M(t)=85e^(-t/719) describes the amount of a radioactive isotope as a function of time t [ years]. After how long the amount has dropped to 1/6 of the

\(\ln(6^{719})\\ =719 \ln 6\\ \approx 1288.2750583749715456\)

At time equal to 0 years(t=0),the original isotope has 85

when dropped to 1/6,the isotope has 85/6

substitute it into M(t) and we have

\(85/6=85*e^\left (-t/719 \right )\)  

\(1/6=e^\left (-t/719 \right )\)

ln(1/6)=-t/719

-ln(6)=-t/719

ln6=t/719

t=719*ln6

t=ln(6^719)=1*ln(6^719)

6^719 about equal to infinity

NOTE: Anybody interested in understanding how radioactive substances decay with time, should read this page which very clearly explains it:

http://math.usask.ca/emr/examples/expdeceg.html

1/6 (85) = 85 e^(-t/719)         this is of the form   A = Ao e^kt    where k= -.0013908

1/6 = e^(-t/719)

ln(1/6) = (-t/719)

-719 ln(1/6) = t     = 1288.28 years

NO!. When you calculate k, you no longer use the half-life given, which is 719 years in this case. So that your equation should read: 85/6 =85 * e^(-0.000964 * t), which is equal to: 85/6 =85 * 2^(-t/719). If you now solve for t in both cases, you will get EXACTLY the same answer, which comes to:1,858.59 years.

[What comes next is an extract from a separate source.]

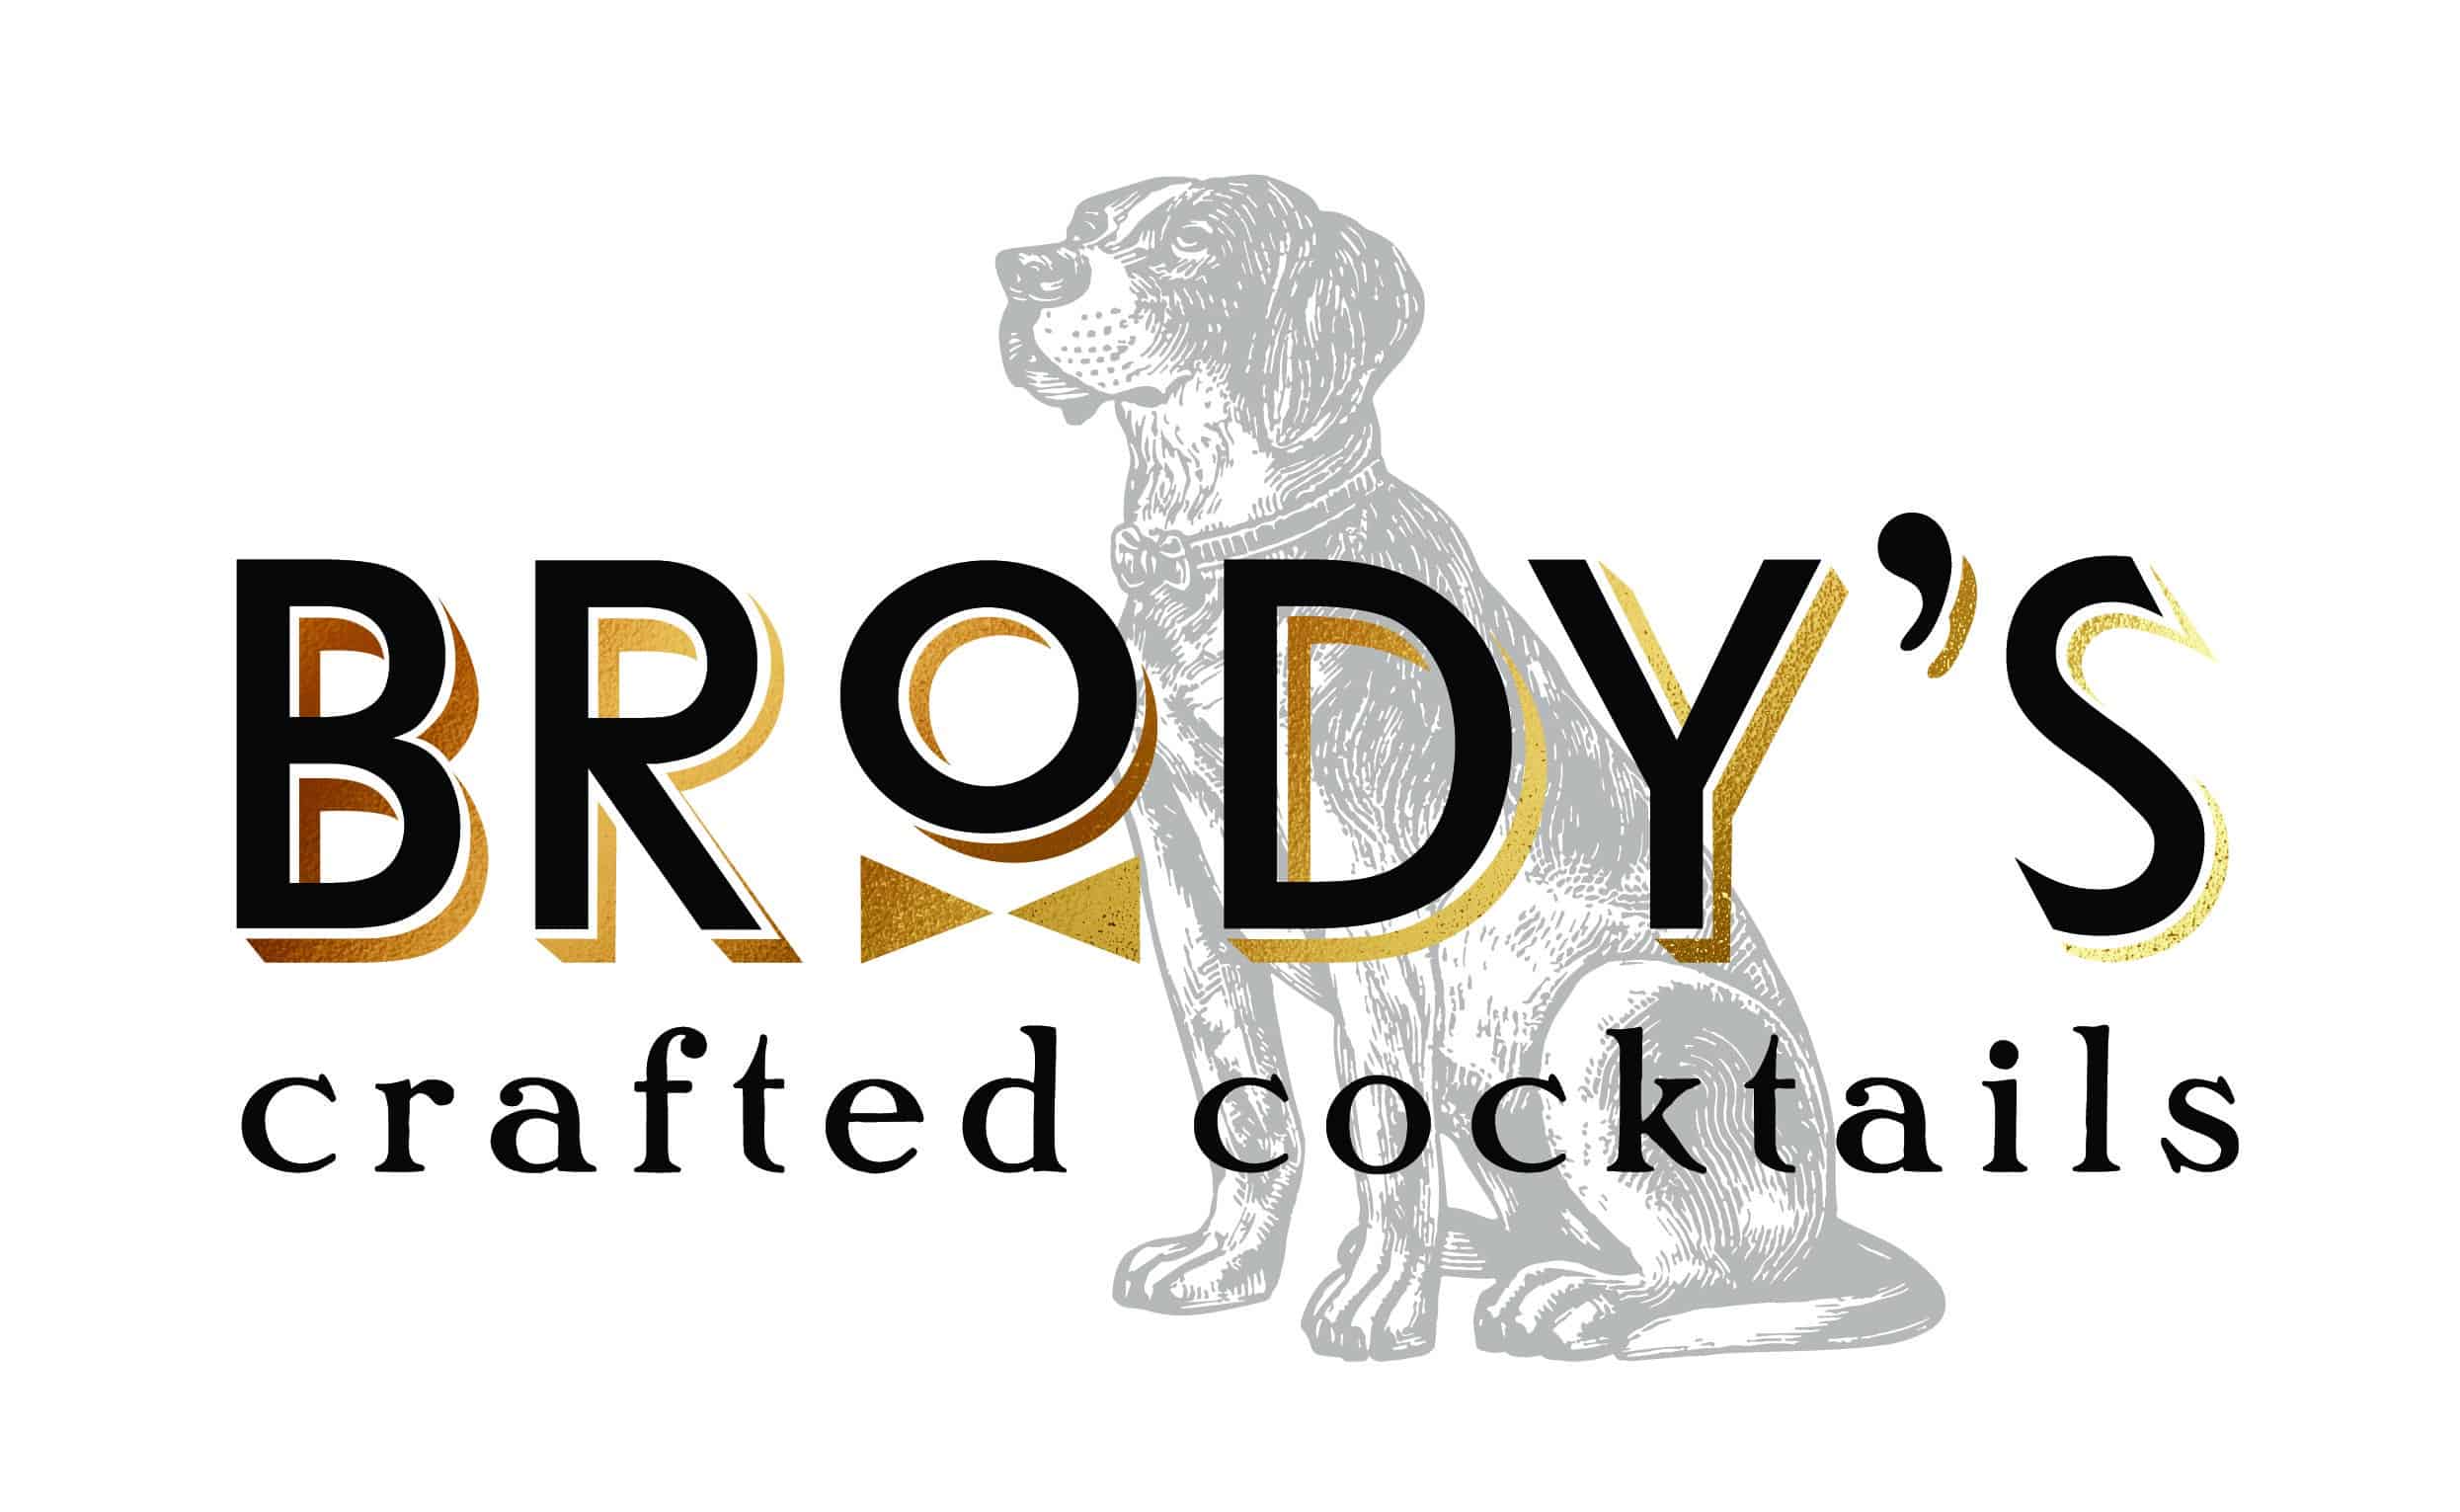 Brody’s Crafted Cocktails

ALAN WILL EXPLAIN IT TO YOU TOMORROW, HOPEFULLY. THE EQUATION, AS GIVEN, IS THE PROBLEM. THAT IS WHY I MODIFIED IT. IF YOU SUBSTITUTE 1/2 FOR e, THEN YOU WILL GET THE RIGHT ANSWER: SOLVE FOR t: 85/6=85 * 1/2^(t/719), WHERE t=ELAPSED NUMBER OF YEARS, 719=HALF-LIFE OF THE RADIOACTIVE SUBSTANCE. THAT IS THE END OF THIS MATTER FOR ME!.

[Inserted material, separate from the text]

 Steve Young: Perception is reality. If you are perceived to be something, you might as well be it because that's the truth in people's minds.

See:  http://web2.0calc.com/questions/m-t-85e-t-29-describes-the-amount-of-a-radioactive-isotope-as-a-function-of-time-t-years-after-how-long-the-amount-has-dropped-to-1-10-of#r9

Nowhere does the original question call 719 the half-life.  

The structure of the equation implies that 1/719 is the decay constant, so the half-life would be ln(2)/(1/719) or just 719*ln(2).

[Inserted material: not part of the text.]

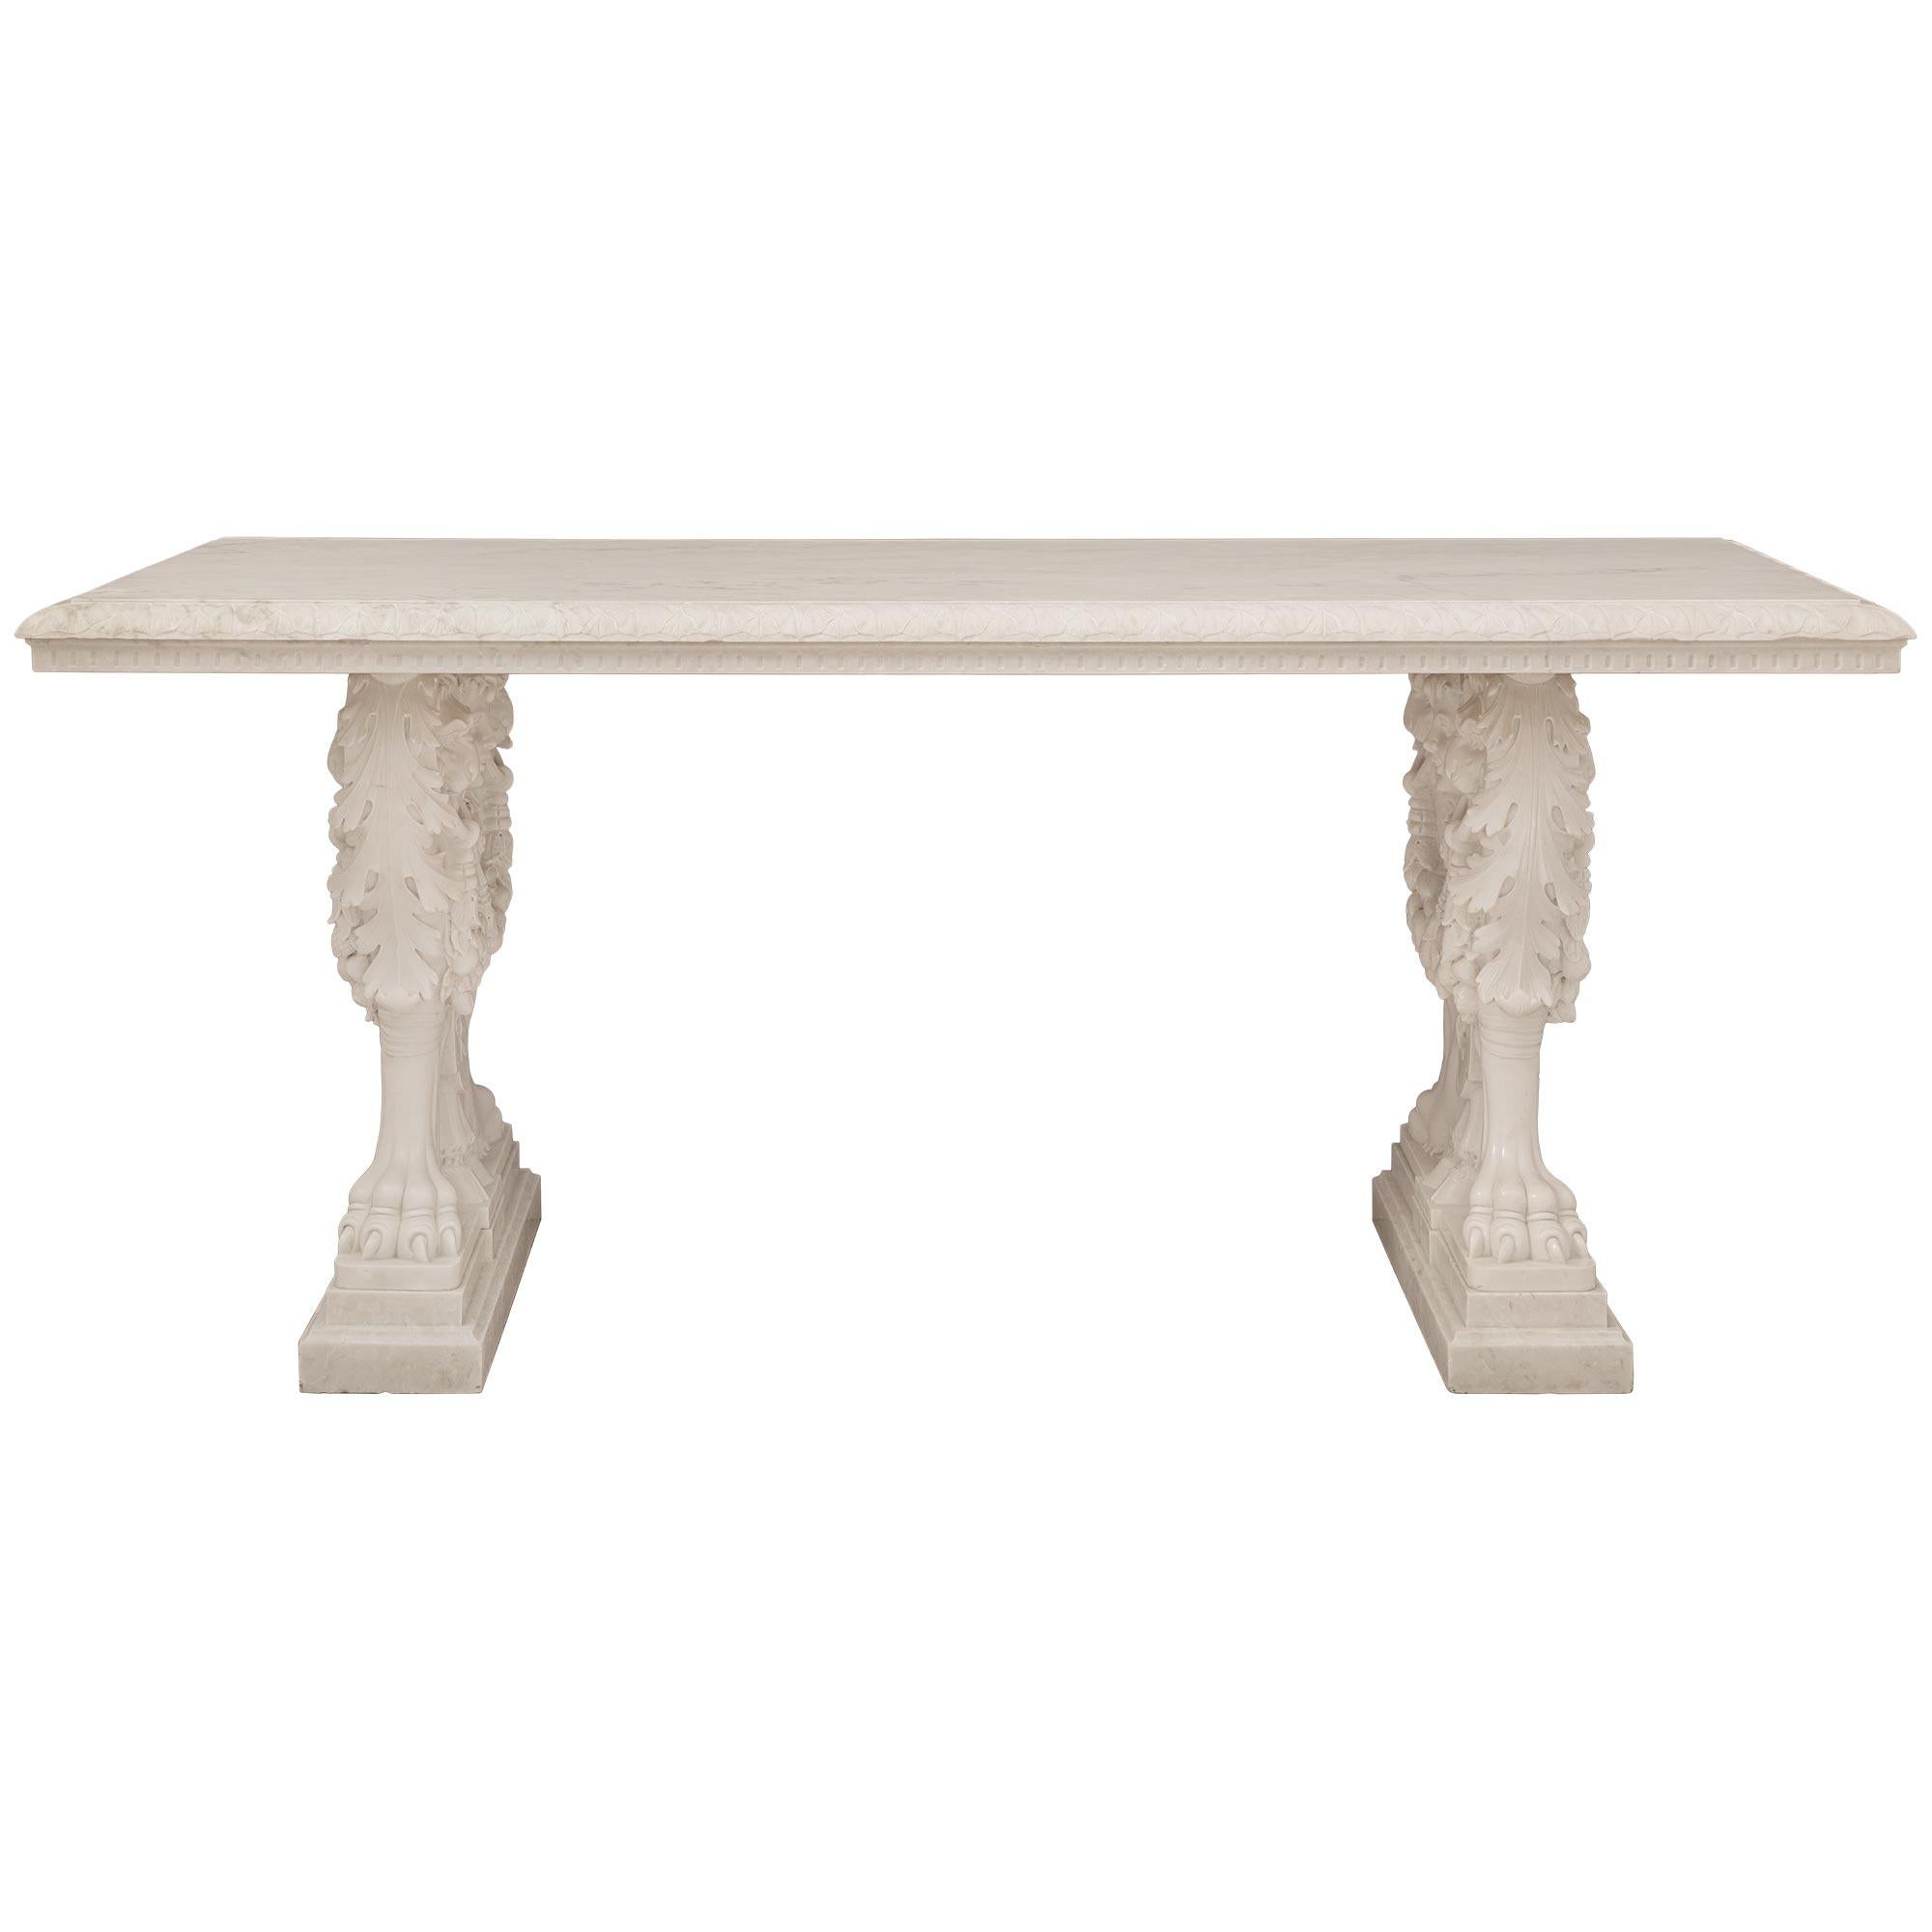 Italian 19th Century Neo-Classical St. White Carrara Marble Center Table For Sale 4

Alan: Is the constant of decay ALWAYS a rational number in these examples given by this questioner?: 1/29, 1/719, 1/409.........etc.???!!!. I  thought when you obtain the constant of decay by taking the natural log of 2 or 1/2 and multiplying it or dividing it by half-life, you automatically get an irrational constant of decay. No?.